Information
- League: KBO League
- Location: Incheon
- Ballpark: Incheon SSG Landers Field (2002–present)
- Founded: 2000; 26 years ago
- Korean Series championships: 2007, 2008, 2010, 2018, 2022
- League championships: 2007, 2008, 2010, 2022
- Former name: SK Wyverns (2000–2020)
- Colors: Charismatic red, white, yellow
- Retired numbers: 26
- Ownership: Shinsegae
- Manager: Lee Soong-yong
- Website: www.ssglanders.com

= SSG Landers =

South Korean professional baseball team

SSG Landers are a South Korean professional baseball team. The team was originally established as the SK Wyverns but was renamed as the SSG Landers in 2021 after Shinsegae acquired the team from SK Group. They are a member of the KBO League. Based in Incheon, they play their home games at Incheon SSG Landers Field.

==History==

=== 2000: Formation (SK Wyverns) ===
In the 2000 season, the Ssangbangwool Raiders, a team that had represented the Jeollabuk-do region since 1990, was dissolved because of the bankruptcy of the Ssangbangwool Group, the team's owner. The franchise was subsumed by the KBO League, which then awarded a new franchise to the SK conglomerate. The new franchise was named the SK Wyverns (a wyvern is a type of dragon). The Raiders and the Wyverns had no historical links, although the new team consisted mostly of former Raiders players.

The Hyundai Unicorns moved out of Incheon and wanted to relocate to Seoul, but failed because of the resistance of the Doosan Bears and the LG Twins; the Unicorns then moved to Suwon, with the SK Wyverns filling the void left in Incheon.

=== 2001–2006 ===
The Wyverns' first Korean Series appearance came in 2003, where they were defeated by the Hyundai Unicorns in seven games.

=== 2007 ===
In 2007, SK defeated the Doosan Bears in six games to win the 2007 Korean Series – the first time the franchise had won the Korean Series – after finishing the season in first place. They became the first team in Korean Series history to win after losing the first two games. Designated Hitter Kim Jae-hyun was the series MVP.
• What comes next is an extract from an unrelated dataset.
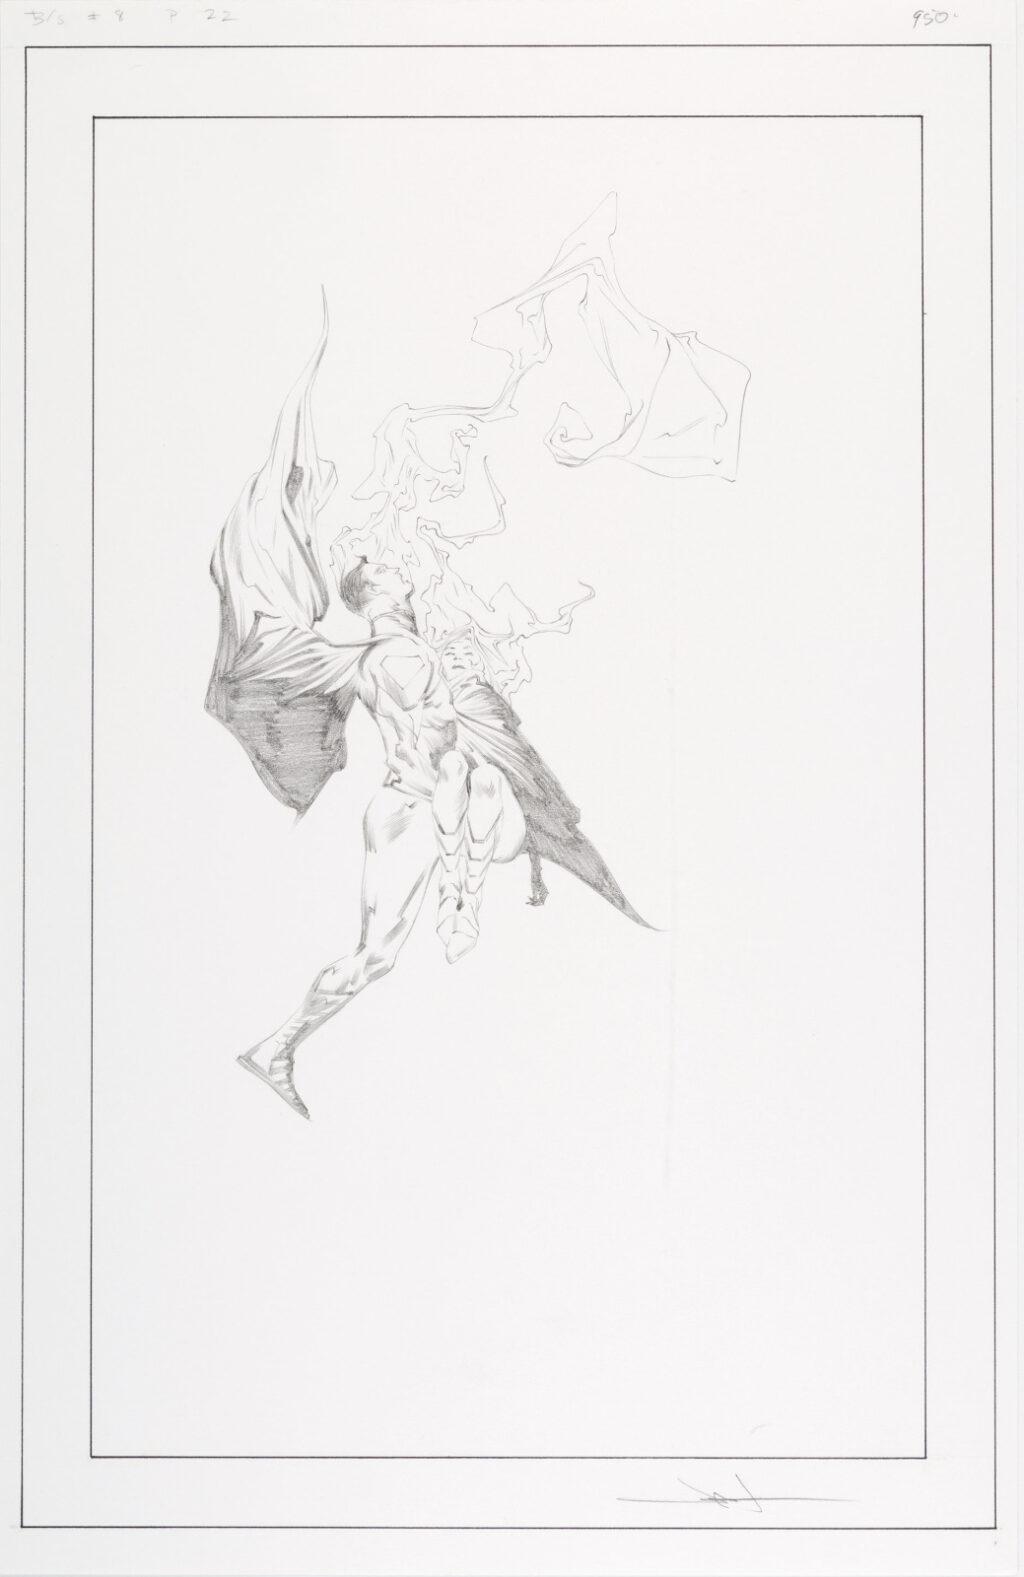 Batman Superman issue 8 page 22 by Jae Lee

SK went on to compete in the Konami Cup, a short competition between the champions of the Korean Baseball League, the Japanese Baseball League, the Taiwanese Baseball League, and the China All-Stars. On 8 November 2007, SK Wyverns defeated the Chunichi Dragons (6–3), giving Chunichi their first-ever loss in Konami Cup history. On 9 November 2007, SK soundly defeated the China All-Stars (13–0), causing the game to be called in the seventh inning due to the mercy rule. On 10 November 2007, the Wyverns repeated their performance, defeating the Uni-President 7-Eleven Lions of Taiwan (13–1) in seven innings. The final game, on 11 November 2007, was a rematch of the first game, between the Chunichi Dragons and the SK Wyverns. In a close game, Chunichi won the game, 6–5.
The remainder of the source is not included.